Сотня спала крепким сном молодости, не зная и не предполагая, что через немного лет вся эта молодежь пройдет через горнило двух тяжелых войн, что большинство из них останется лежать на полях Германии, Австрии, Пруссии, Польши, Галиции, Румынии и Турции, а также и на родных полях Украины, Донщины, Кубани, Терека, Урала, Волги, Иртыша, Забайкалья, Амура и Уссури, Енисея, Шилки и Ар гунн, в ужасной братоубийственной войне. Другая часть окончит свои дни на чужбине в горестном пребывании изгнанников…
Утром трубач Плешаков разбудит всех одновременно. Вскочат молодые «звери» и стремглав помчатся в умывалку, чтоб успеть до появления в ней «господ хорунжих», еще потягивающихся в постелях, умыться и мчаться в строй в первую шеренгу и прикрывать своими телами опоздавших в строй старших юнкеров, еще в нижнем белье приводящих себя в порядок, пока еще не появилась над уровнем пола на лестнице голова дежурного офицера.

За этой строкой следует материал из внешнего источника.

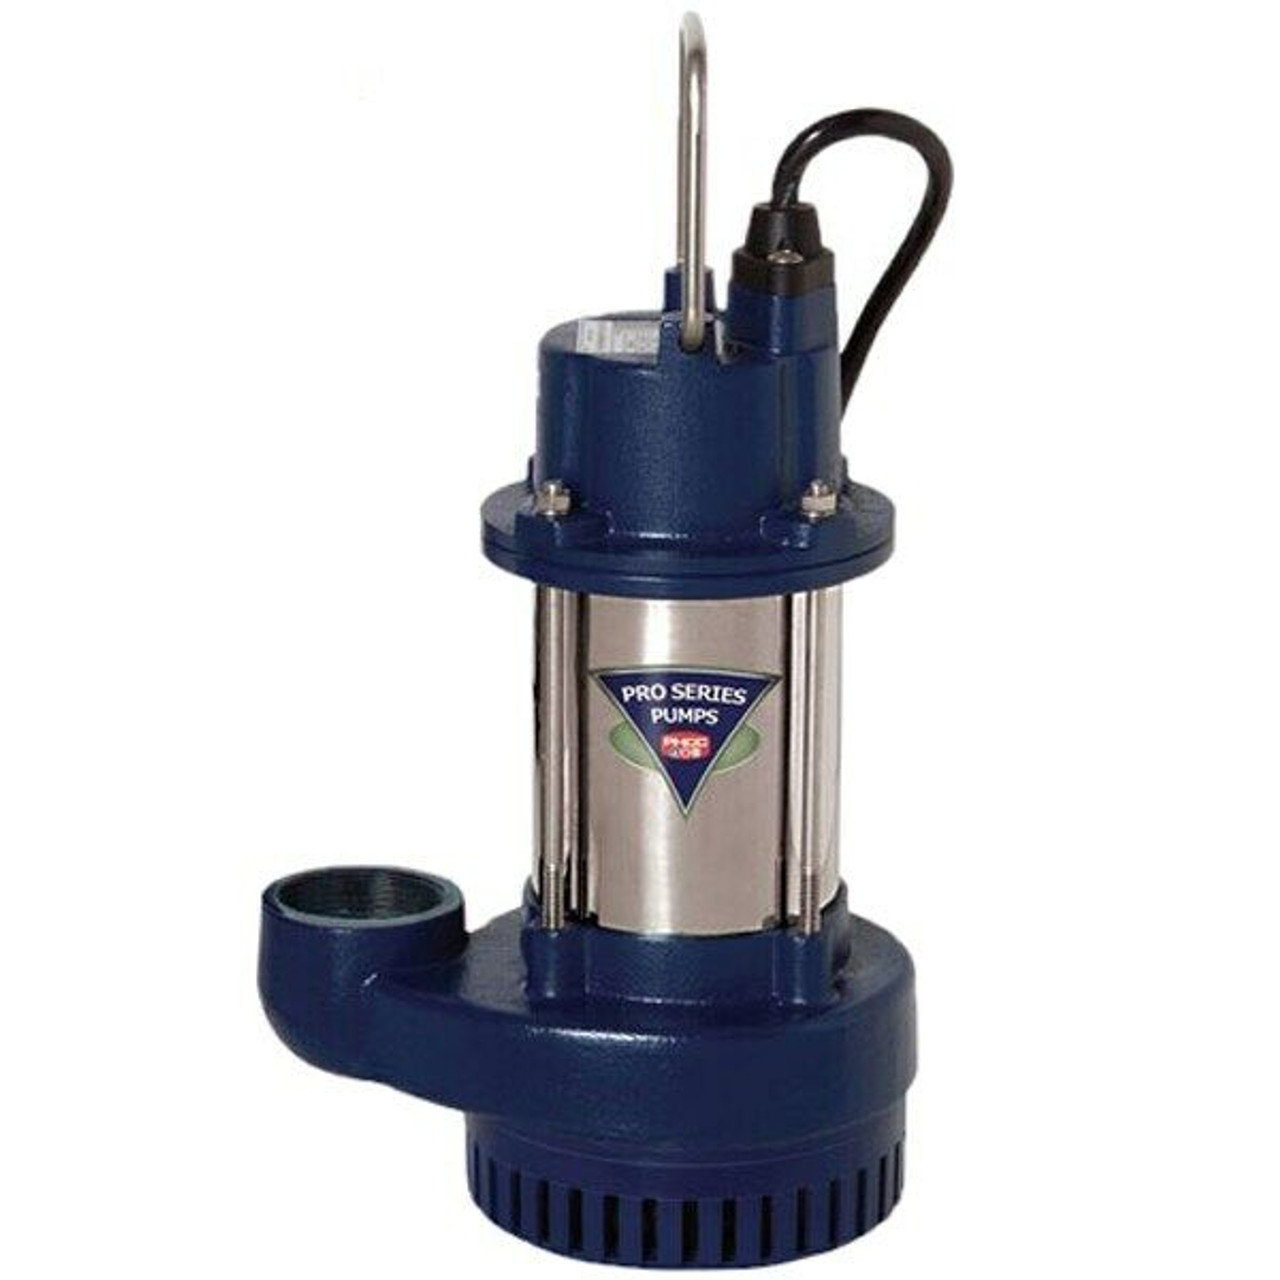 Pro Series S3033-NS Steel Submersible Sump Pump

Тогда замрет сотня юнкеров под командой своего вахмистра, и традиции уступят место воинскому уставу, строгому, требовательному и безжалостному. Спустившись в помещение эскадрона, сотня вольется в общую волну Училища и направится в столовую для утреннего чая с булочкой и двумя кусочками сахара по проходам здания через небольшую площадку над аркой первого этажа с полевым орудием и человеческим скелетом, словно умышленно поставленных здесь для вечного напоминания о войне и смерти, этих неразлучных «друзей» воина.
* * *
Терец Тургиев лежал на своей жесткой койке и, закинув руки за голову, рассматривал потолок. Оконная форточка была открыта настежь, и через нее врывался сырой холодный осенний воздух столицы. Легкий пар вился возле нее и рассеивался немедленно.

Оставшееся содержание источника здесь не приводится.